My books - or rather poor me in my untidy environment of books - are her greatest eyesore. in the brutal struggle for existence my books have lost out to the many shelves and almirahs which according to my wife contain objects of absolute necessity. If I could show you how I and my books have been squeezed into an alcove with some shelves of one corner of the bedroom, you would be moved to tears.

The rest of my books have been dispatched to a room on the first floor. I argued with my wife that I and my books had co-evolved; it is like my environment for me, you can’t destroy my habitat. "Don’t you have any concern for the sole member of that rare species called husband?"
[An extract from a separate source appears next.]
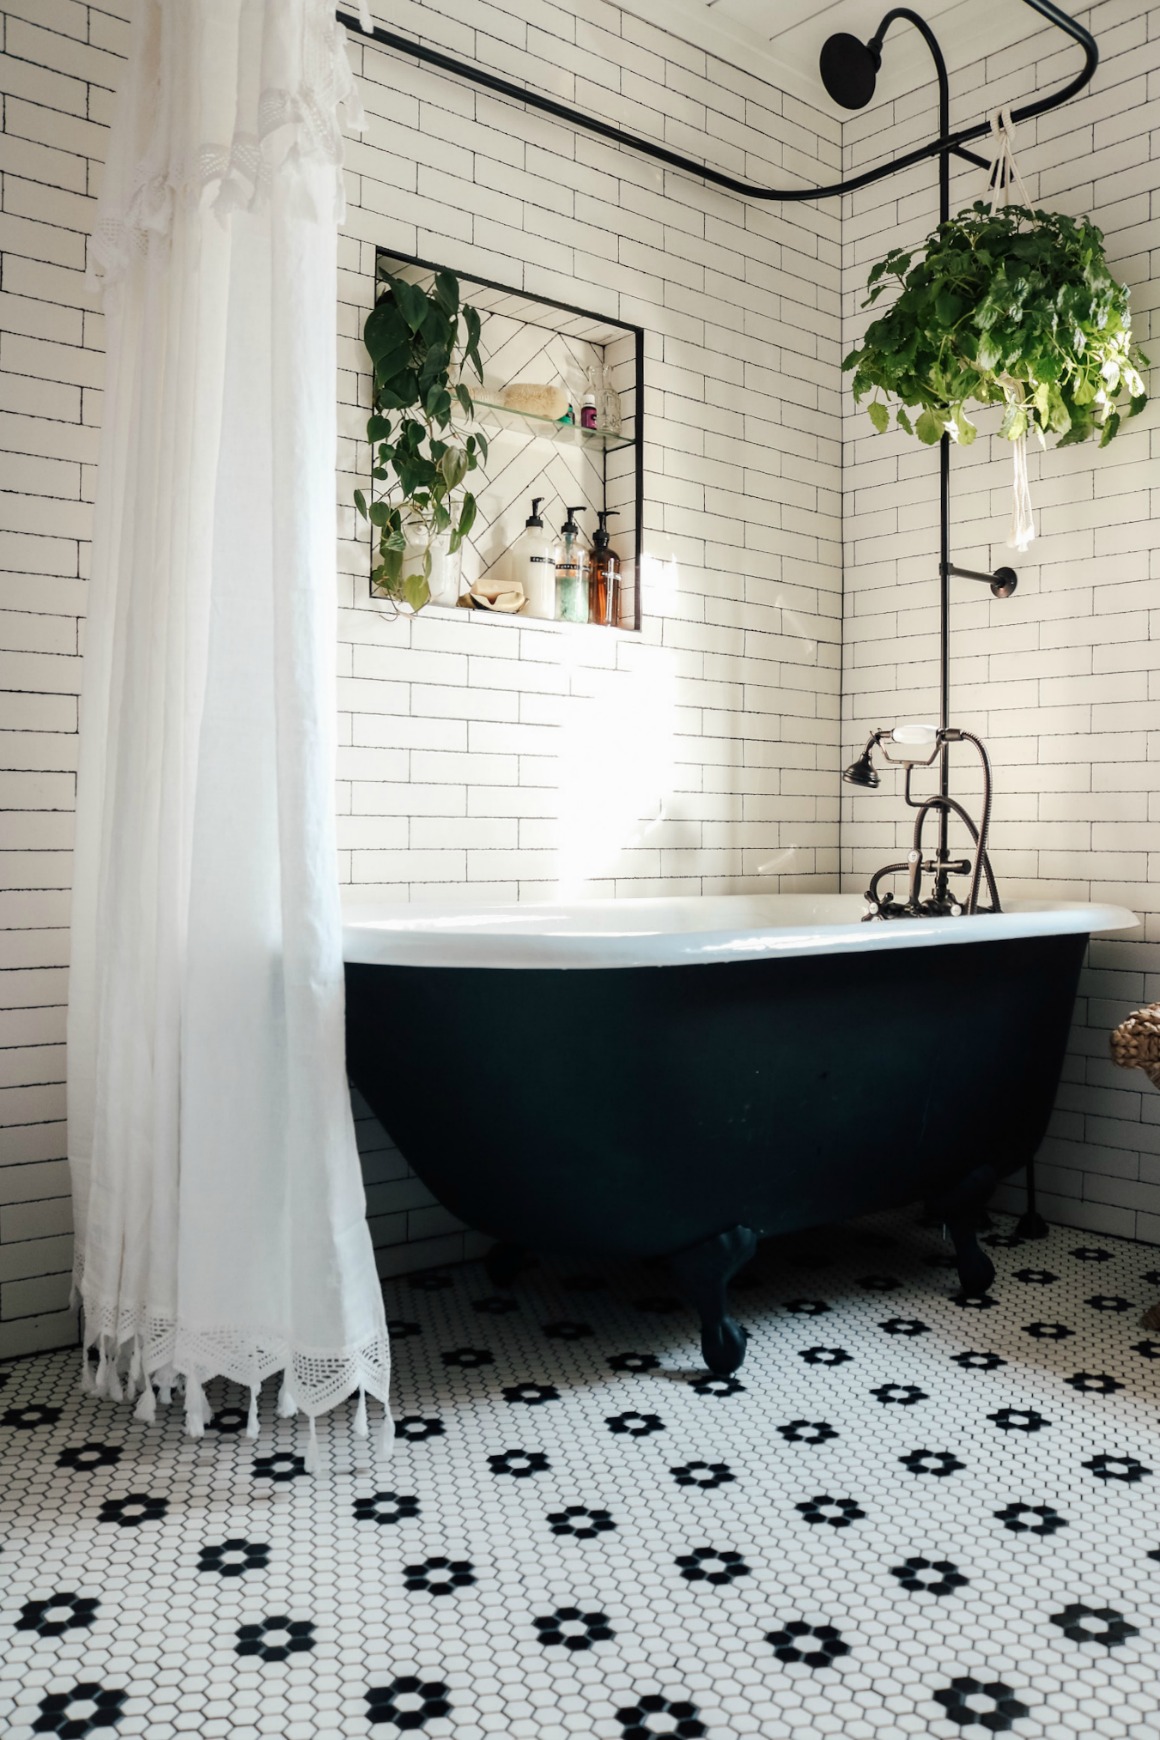 Master Bathroom Reveal with Claw Foot Tub

My wife said that "you could survive with your thousand books and the rest of it is an indulgence." I said these are not a thousand but only six hundred. She threatened to count each one of them so I climbed down and it was agreed that if I imported some books from upstairs an equal number would have to be deported.

Now my wife has a suspicion that some illegal immigrants from the first floor are hiding in the pile. Of course, my children have sent me a few hundred in the last few years but they are all legal.

I told her, "I have papers from Amazon, even for the imported ones. Don’t husbands have human rights?" "So long as they don’t create pig stys in bedroom,", she said. The clutter and the pile are intruding into alien territory of her nicely curated corner. "Don’t you quote all the time. I would rather be an unsatisfied Socrates than a satisfied pig’. So, Mr. Socrates of the slums, don’t be a pig."

My wife has served me notice that either I do the needful or she will take things in her own hand. And in matters like these she is an extremist. Either I find a way to somehow accommodate these books on the uppermost shelves by weeding out some for extinction or see them deported en masse. I am a human being; not an uncaring cruel natural agency like Evolution!

I have avoided the task so far by pointing out that the aluminium ladder has become a little unstable and by generally playing on her insecurity that her aging sixty-six plus husband might take a bump. This has worked so far, but for how long? Aluminium ladders can be mended! Our departure from Patna has earned me a reprieve but how long can I be an exile?

I had asked my wife to buy me a pair of walking shoes and a couple of track pants. Normally I am pressurised into accompanying her on these missions because of size issues but over the years I have managed to find comprehensive strategies to evade the demand. But this time she did not say a word. I got my pair of shoes and track pants from Decathlon but the inventory included unintended trekking back pack, a pair of mountain trekking shoes, a rucksack, trekking gloves, trek zip off pants, a solid looking harness, and waterproof all-weather multilayer peel off jacket.

She sat down triumphantly. "When we get back to Patna you are going to go on your climbing expedition and plant the books in proper order, tidy up the clutter on the lower reaches and leave no waste on the top. You are equipped for every season and every eventuality; the activity is perfectly legal and does not violate any of your human rights. I checked up with our family lawyer."

It has steeled my resolution. I shall arise and go now and go to the Arctic tundra, report triumphantly for the Facebook, wearing all that gear, petting a caribou or riding a sled. Chase the lions chasing antelopes and gazelles for lunch in the Serengeti Savannahs in the darkest Africa. At least I would earn some admiring oohs and aahs from known and unknown women friends!


India Today magazine once referred to Manoje Nath, a 1973-batch IPS officer, as being fiercely independent, honest, and upright. Besides his numerous official reports on various issues exposing corruption in the bureaucracy in Bihar, Nath is also a writer extraordinaire expressing his thoughts on subjects ranging from science fiction to the effects of globalization. His sense of humor was evident through his extremely popular series named "Gulliver in Pataliputra" and "Modest Proposals" that were published in the local newspapers.